In other states, it's far worse, said Schmidt. As word has gotten out about the Safe Sleep Instructor Program - through publications and conference presentations - Schmidt has heard from health officials in other states who are interested in receiving similar training. Individuals from Mississippi, which has the nation's highest infant mortality rate, have inquired about this year's training, which is being made possible with the federal grant money.

In the past, the safe sleep training program has been supported by grants from the March of Dimes, the KDHE, the KIDS Network and smaller grants, Schmidt said. Those grants funded training for only Kansas instructors. The new federal funds will help develop standardized curriculum materials for national dissemination, expand training conferences for the next three years and allow enrollment from other states interested in the training, and support continuing education for certified instructors.

With its train-the-trainer concept - where certified instructors go on to teach other professionals as well as families in their communities - the safe sleep program has had a wide-reaching ripple effect, said Schmidt, who also is the director of research and associate research professor in the Department of Pediatrics at KU School of Medicine-Wichita.

"Those (more than 200) safe sleep instructors have trained over 6,000 professionals, including health care professionals, child protective services, child care professionals and just about anyone who might work with a pregnant woman or her family, or an infant. They've also directly trained more than 4,000 families," Schmidt said.

In some communities, safe sleep certified instructors help organize safe sleep community baby showers, which offer information to families about creating healthy environments and showcase resources available.

Kaleena Erwin with the Kansas Department for Children and Families became a certified safe sleep instructor in 2019. As DCF's prevention and protection services training and curriculum specialist, she has coordinated training others at DCF on the guidelines. As a result, those staff members have gone on to inform about 2,000 other professionals, including subcontractors and even first responders, she estimated. The guidelines have become a standard topic in the DCF's crib clinics that also offer information about breastfeeding, smoking cessation and other healthy behaviors to new and expecting mothers as well as other caregivers.

"It just spiders out," Erwin said. "You train a professional and they tell families that they work with or even their own families."

Research has shown that getting the same information from trusted sources is important to make a behavior change, Schmidt said.

"We want parents to get consistent messaging no matter where they go.

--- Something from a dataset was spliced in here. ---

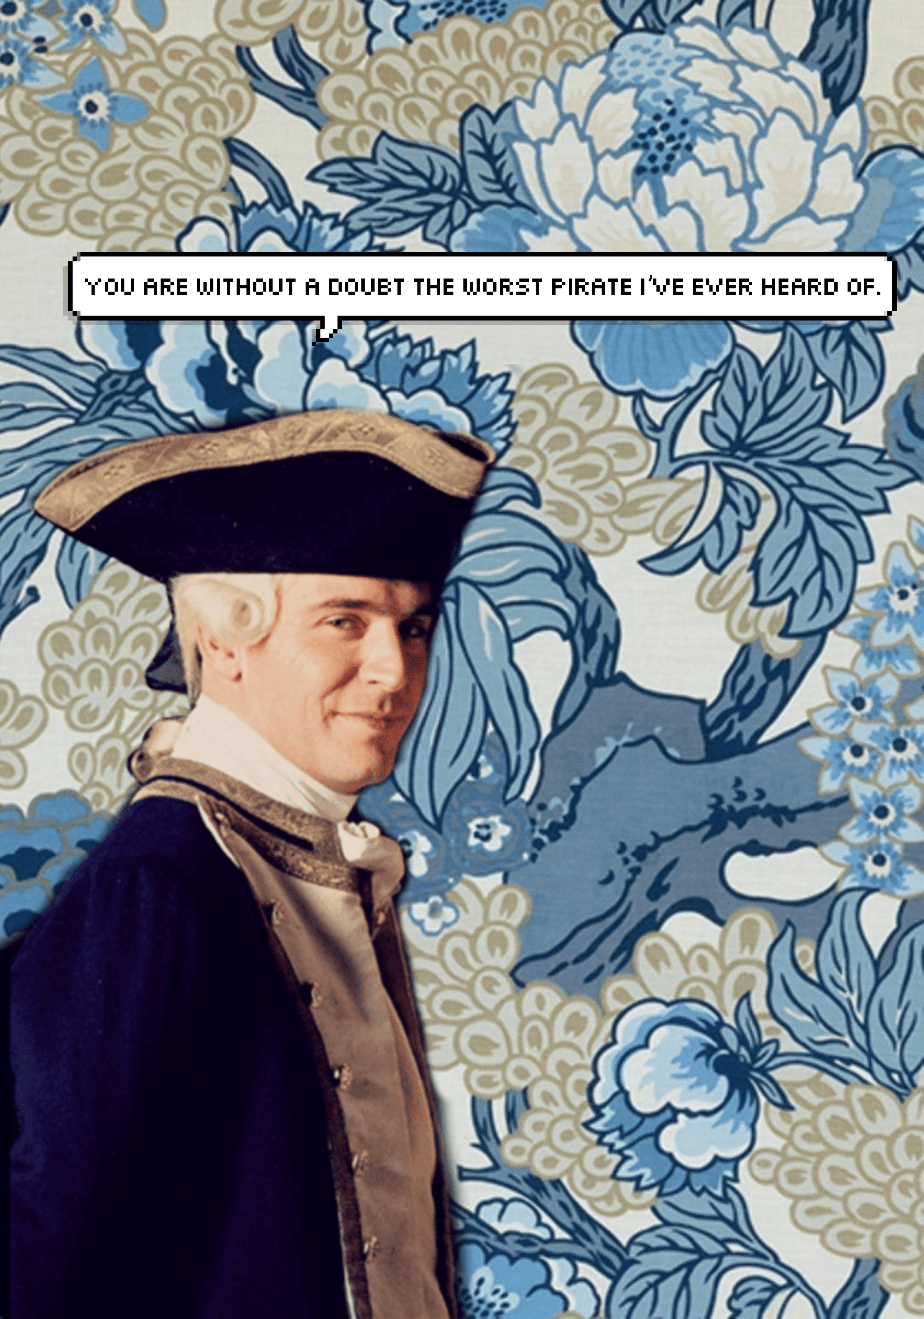 A man in blue and white clothing is standing next to an image of flowers - Pirate

When you hear the same thing about safe sleep from your prenatal care provider, the hospital where you deliver your child, your child care provider and everyone else, it makes it much easier to know what to do and feel confident in your decision to follow the safe sleep guidelines," she said. "It's a challenge because people did things differently in the past but we're not about shaming anyone. We equate it to seat belts and car seats. Many of us rode around without seat belts and car seats but now we know differently. What we're doing is building on the science that we know and the ways that we know will reduce the risks of these deaths."

To help individuals remember the guidelines, they are often called the ABCs of safe sleep: Infants should sleep alone (A), on their back (B) and in a clutter-free crib (C) with no soft objects or loose blankets.

The first of the training conferences underwritten by the federal grant will happen Sept. 23-24 in Wichita with a second conference anticipated in the spring. Along with the training, participants receive kits that include a portable crib, wearable blanket and even unsafe items to demonstrate the do's and don'ts of creating a safe sleep environment. Participants will also get access to ongoing webinars and other digital resources. Safe sleep instructors must be recertified annually.